Sunday, January 31, 2010

Initial Data Collection Attempt

Well I finally got the webcam and the netbook into the car and starting doing video capture. The good news is, the suction cup mount on my $10 webcam is perfect for the windshield.


The bad news is, it turns out $10 webcams do not automatically adjust gain. Driving around during the day yields a time-lapse movie of what appears to be the afterlife. Here's a daytime driving still:


I see dead people! Twilight looks a little better:

But many of the stills have alot of blur in them, perhaps the low quality CCD has a slow shutter speed.

Maybe if I can find a software shutter speed control then I can both operate during the day and eliminate most of the blur. Otherwise, I'm going to have to pony up for a better camera.

Tuesday, January 26, 2010

Computer Vision 101

Since it's been over a decade since I've done anything computer vision related, I need to acquaint myself with progress in the space. I figure reproducing a current paper should get me in the zone; furthermore, I'm familiar with latent Dirichlet allocation (LDA) as applied to text and I'm aware that is has been applied to images, so I figure that's a good place to start.

Wang and Grimson describe an extension to LDA which incorporates spatial correlation; but there is enough to confuse me already, so I need something involving vanilla LDA (which I'm familiar with). Going back a bit further, Sivic et. al. describe an application of vanilla LDA to image object recognition. Since LDA applies to discrete documents (that is, something consisting of "words"), the images need to be decomposed into sets of tokens. The approach taken is
  1. Extract feature vectors from local patches of the image.
  2. Use vector quantization to reduce the feature vectors to a codebook.
Sivic et. al. extract features from interest regions, whereas Wang and Grimson follow the approach of Winn et. al. and extract features densely. Interest regions are just another way for to get confused and screw something up, so I'll defer that for now.

Step #1 for Winn et. al. is to decompose the image from RGB to CIELAB. CIELAB is a cool encoding of color space which is supposed to mimic the response of the human visual system, so that makes sense. Poking around for an implementation of a converter, I came across OpenCV, which has tons of routines in it including color conversion. Writing a program to split an image into CIELAB components is pretty straightforward:
#include <cassert>
#include <string>
#include "cv.h"
#include "highgui.h"

using namespace cv;

int main (int, char** argv)
{
string file (argv[1]);
Mat img = imread (file);
vector<Mat> color (3);
assert (! img.empty ());
assert (img.channels () == 3);

cvtColor (img, img, CV_BGR2Lab);

split (img, color);
imwrite (file + ".L.png", color[0]);
imwrite (file + ".a.png", color[1]);
imwrite (file + ".b.png", color[2]);

return 0;
}
(I guessed that a loaded .jpg image would be BGR color order, based upon the documentation for imwrite). So let's see this in action: here's a picture of a police car.

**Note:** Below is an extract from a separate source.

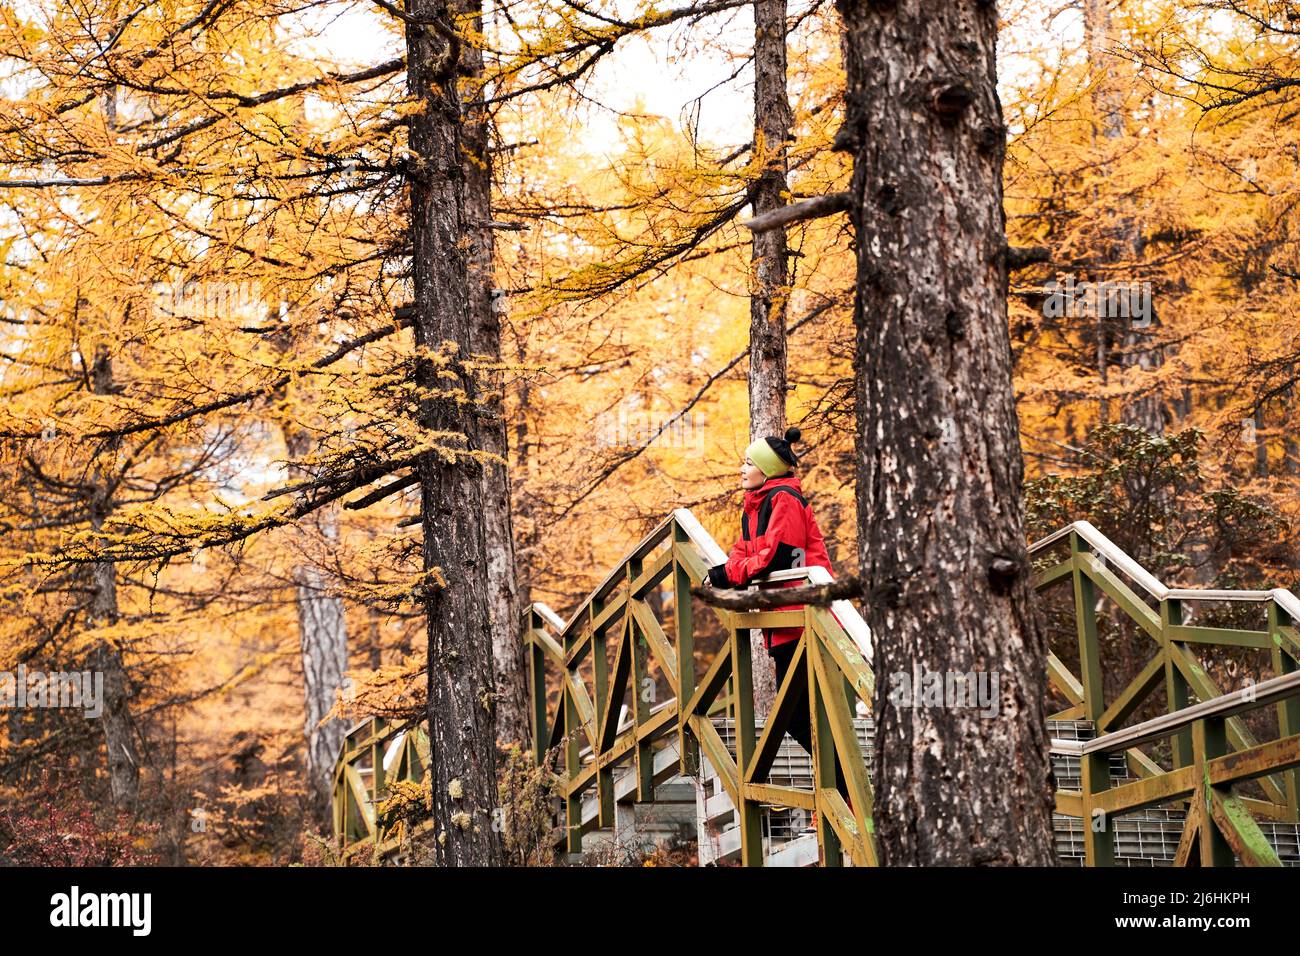 femme asiatique touriste femelle debout sur un pont en bois regardant le feuillage d'automne dans la forêt Banque D'Images

Here's the L (luminosity) channel:

Here's the a* (magenta vs. green) channel:

Here's the b* (yellow vs. green) channel:

Monday, January 25, 2010

Car Brain!


My New Year's resolution is to give my car a rudimentary visual system, which should give me plenty to blog about.
My initial goal is to train the car to identify police cars, mount 4 cameras to allow for panoramic view, and have some kind of audible or visual warning. Is identifying a police car feasible? I'm not a computer vision expert, but searching around these points appear salient:
  • single object class: the question is binary, "does this picture contain a police car?", which makes the problem easier.
  • pose variability is low: the cameras will be mounted at fixed points at my car, and both my car and any police car will (barring the "Dukes of Hazzard" scenario) have all four wheels on the ground, which should moderate the pose variability.
  • volatile illumination: ideally, the detector would operate under all weather conditions, day or night. so that means significant illumination changes.
Well, we see how far I get anyway.

Step #1 was to get a brain for my car, so I purchased a refurb Dell Mini 110-1030nr for $280 from Amazon and put Ubuntu Netbook Remix on it. I also got 1 webcam for now.


It is presumably underpowered for the image processing that will be required, but if I get that far that will justify spending more money. First, I need to install it in the car and have it do video capture; from the resulting data I imagine many interesting problems will suggest themselves.